• [What is required]: Pictures aside, print all of the data below exactly as written.

• [Available data]:
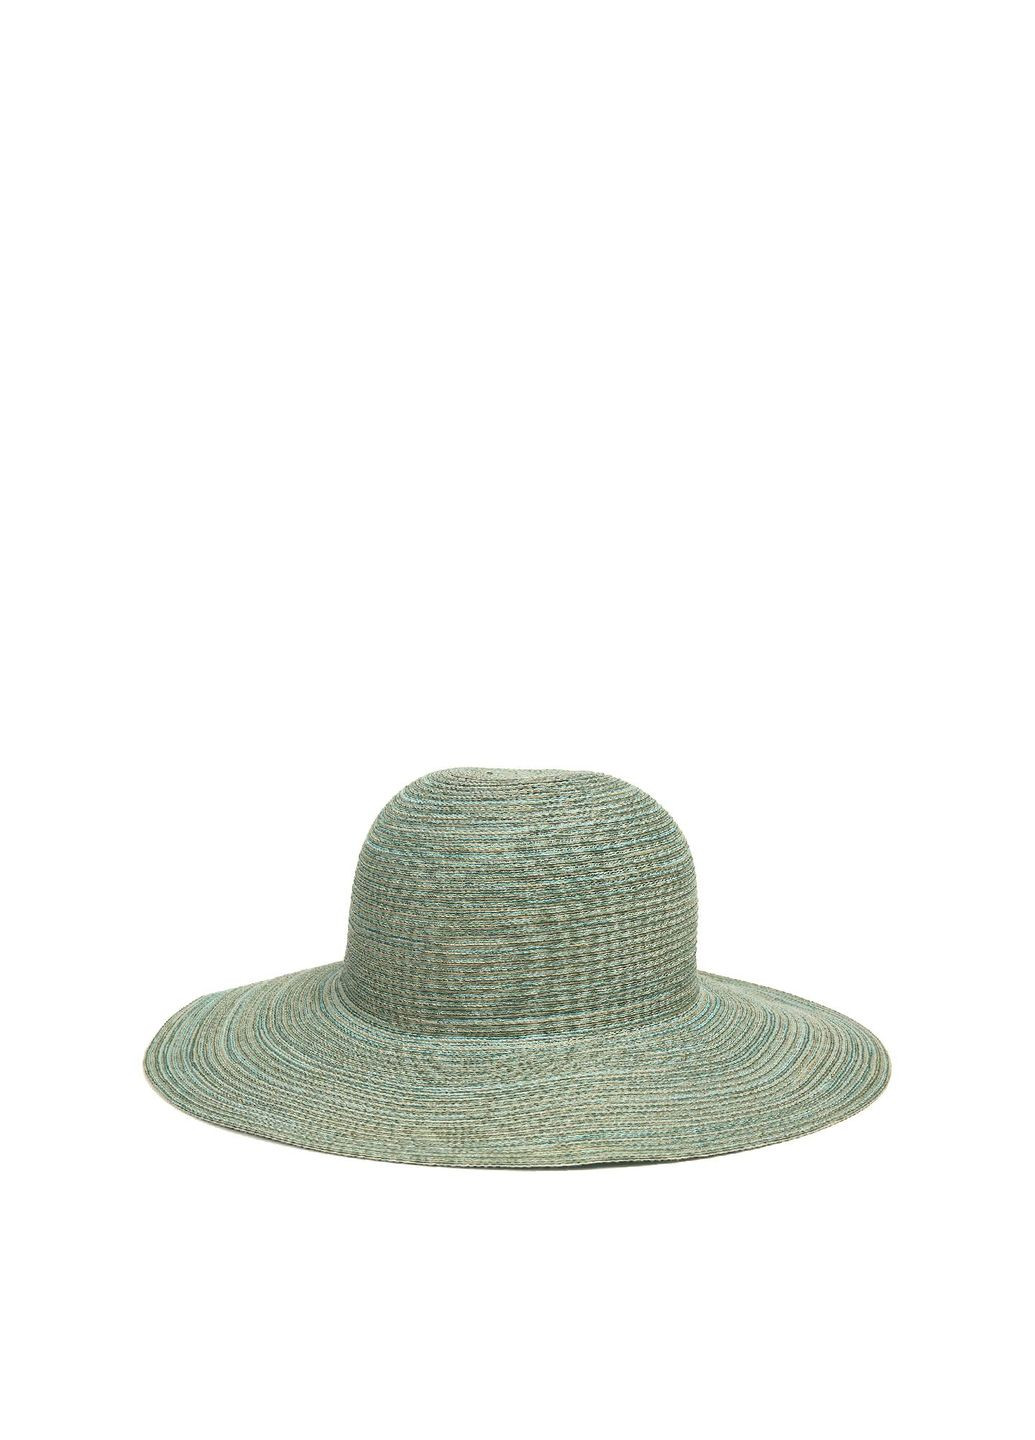 Шляпа слауч женская хлопок голубая ЯСМИН LuckyLOOK 855-381 (291884214)
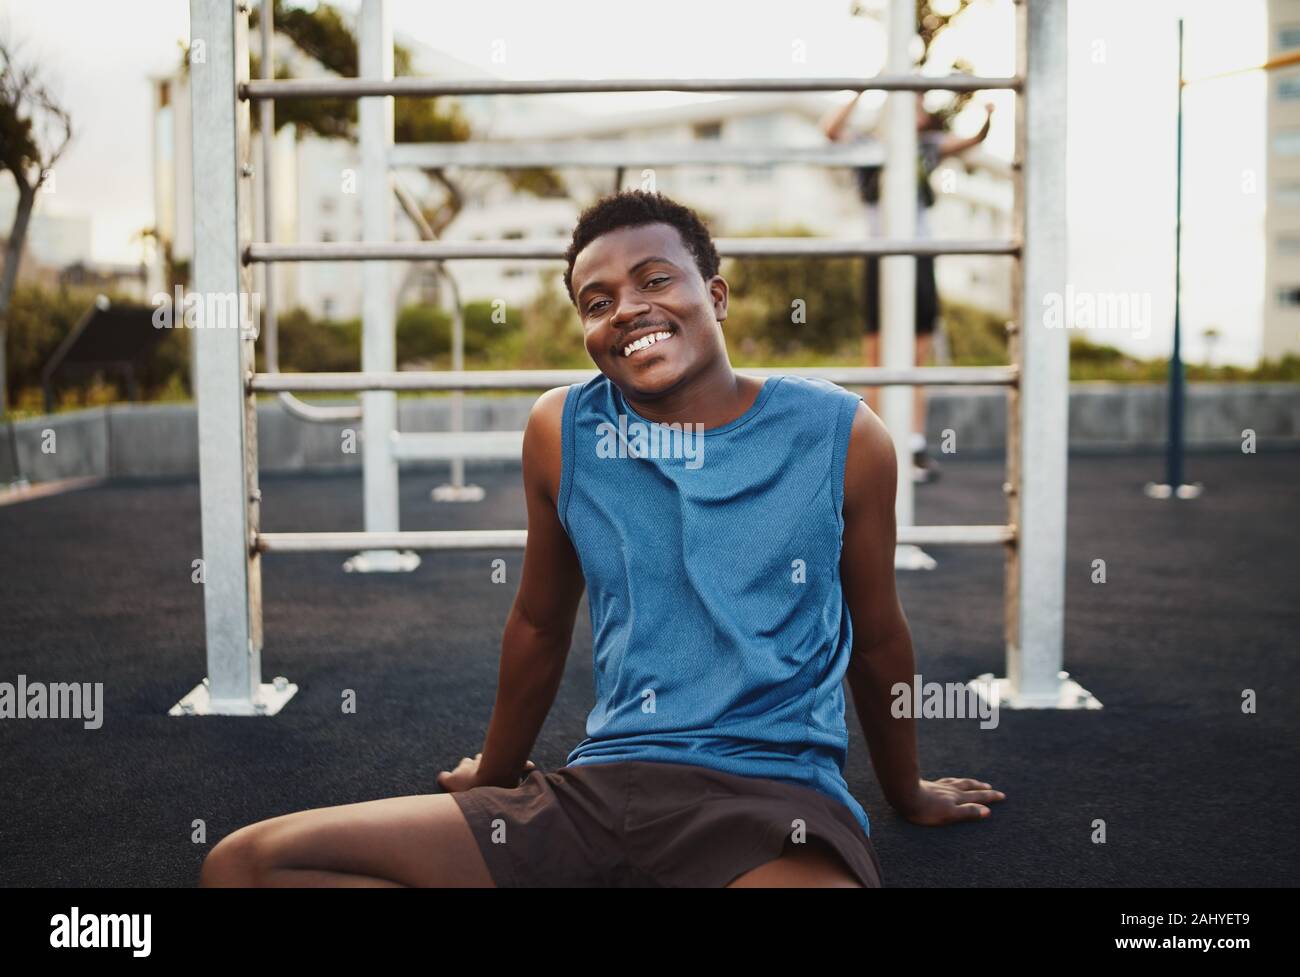 Ritratto di un giovane sorridente americano africano atleta maschio relax dopo un intenso allenamento in palestra esterna park Foto Stock
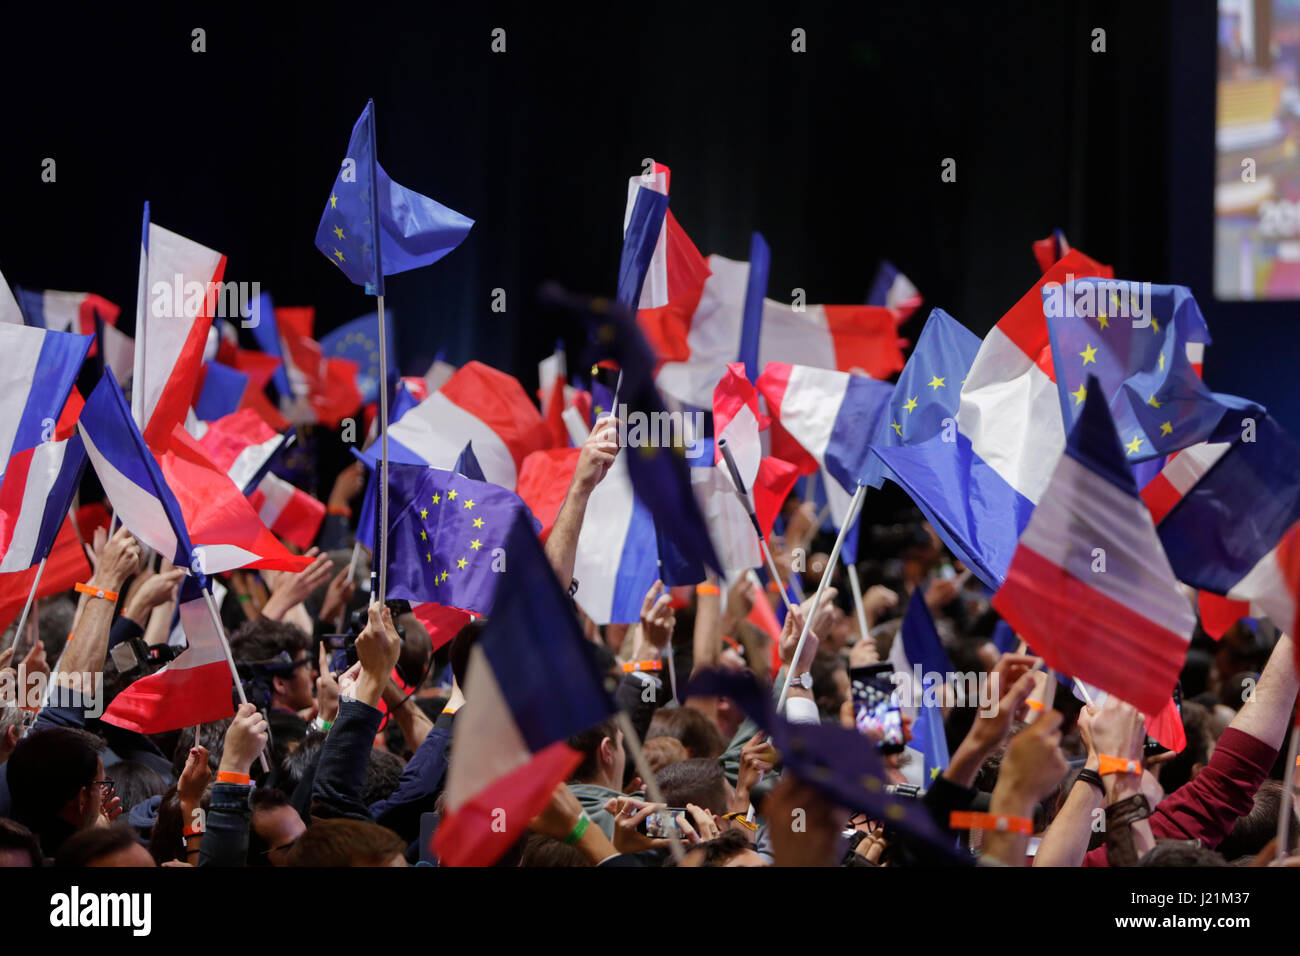 Marcon partidarios ola francesa y banderas de la UE mientras espera que las mesas para cerrar. Los partidarios de Emmanuel Macron, el candidato presidencial del partido social liberal en Marche! Celebrar las encuestas de salida, que lo ven en primer lugar, por delante de Marine Le Pen, del Frente Nacional en la primera ronda de las elecciones presidenciales francesas. Foto: Cronos/Michael Debets Foto de stock
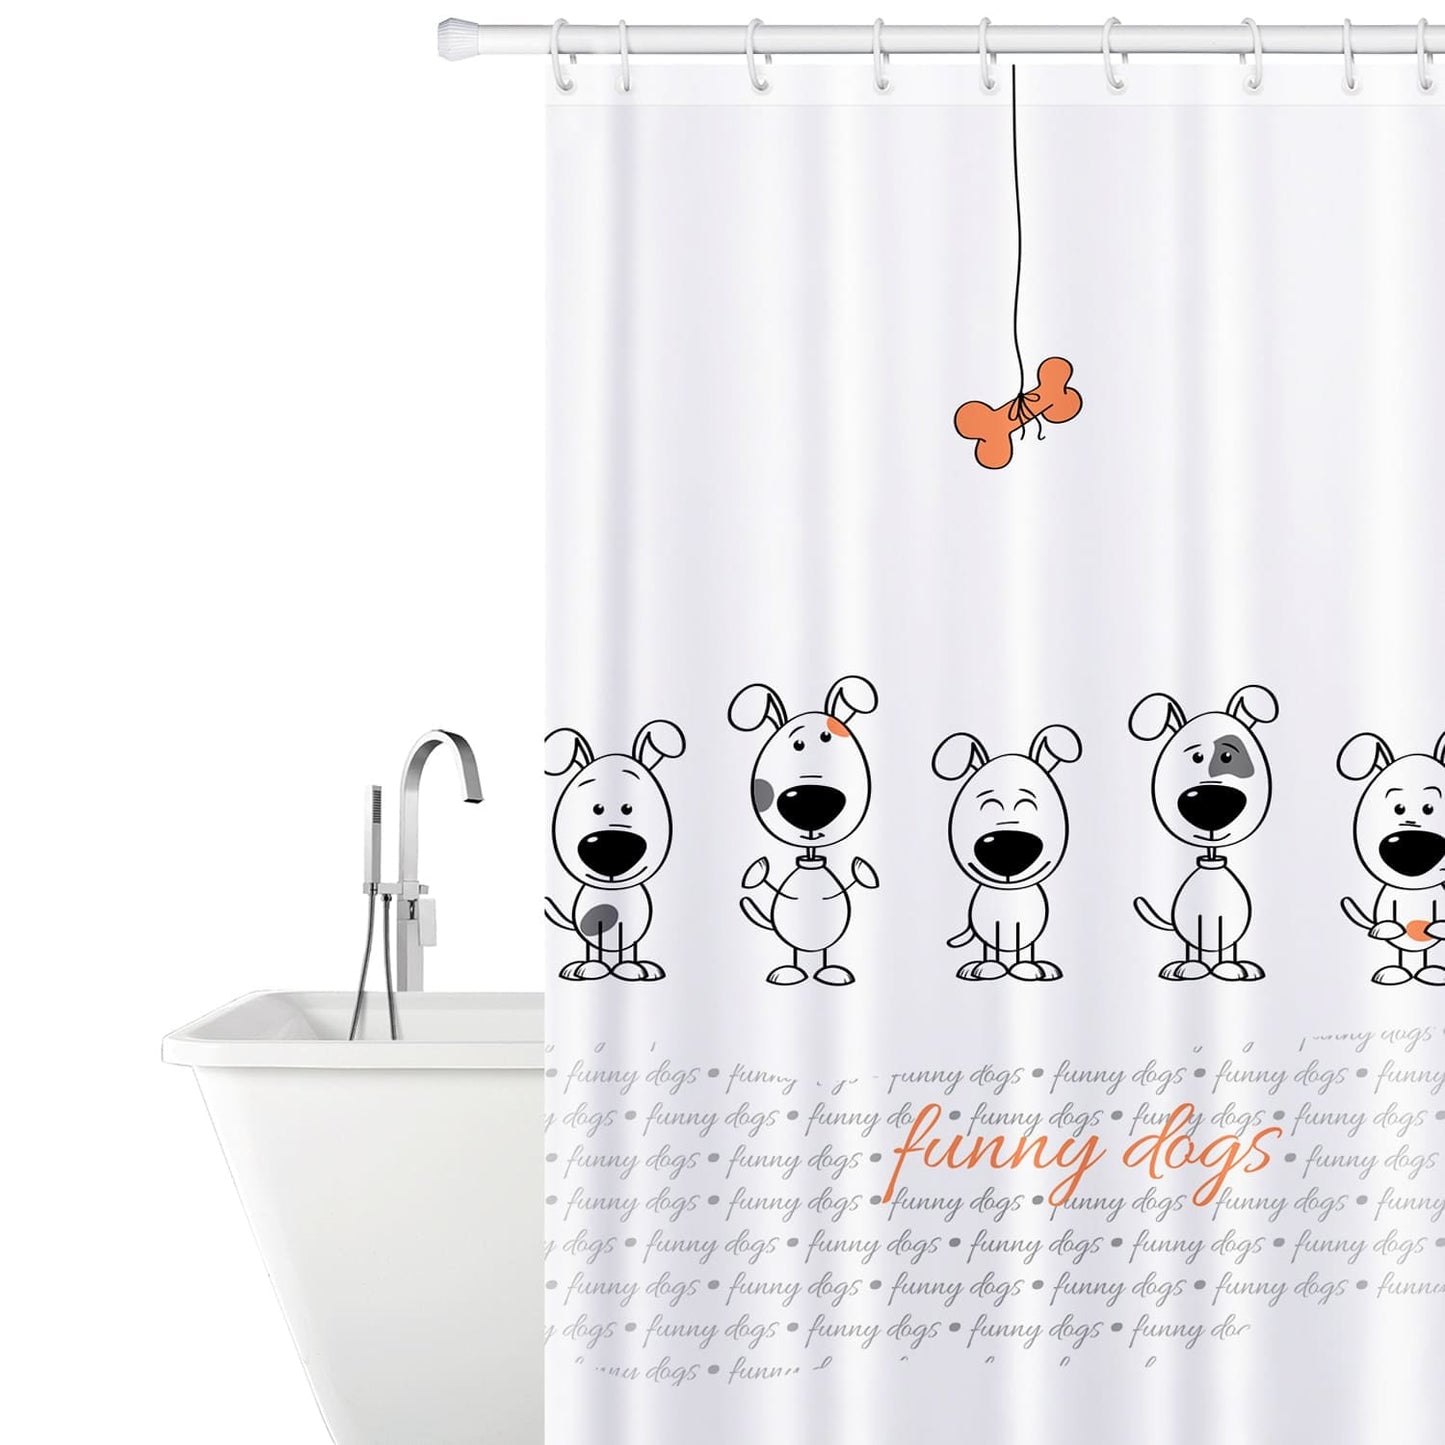 Duschvorhang, Duschvorhang Textil, mit 12 Vorhangringen, Bade Vorhang, Textil Polyester, 180x180cm, Tatkraft Funny Dogs

• [Response area]:
 Шляпа слауч женская хлопок голубая ЯСМИН LuckyLOOK 855-381 (291884214)
 Ritratto di un giovane sorridente americano africano atleta maschio relax dopo un intenso allenamento in palestra esterna park Foto Stock
 Marcon partidarios ola francesa y banderas de la UE mientras espera que las mesas para cerrar. Los partidarios de Emmanuel Macron, el candidato presidencial del partido social liberal en Marche! Celebrar las encuestas de salida, que lo ven en primer lugar, por delante de Marine Le Pen, del Frente Nacional en la primera ronda de las elecciones presidenciales francesas. Foto: Cronos/Michael Debets Foto de stock
 Duschvorhang, Duschvorhang Textil, mit 12 Vorhangringen, Bade Vorhang, Textil Polyester, 180x180cm, Tatkraft Funny Dogs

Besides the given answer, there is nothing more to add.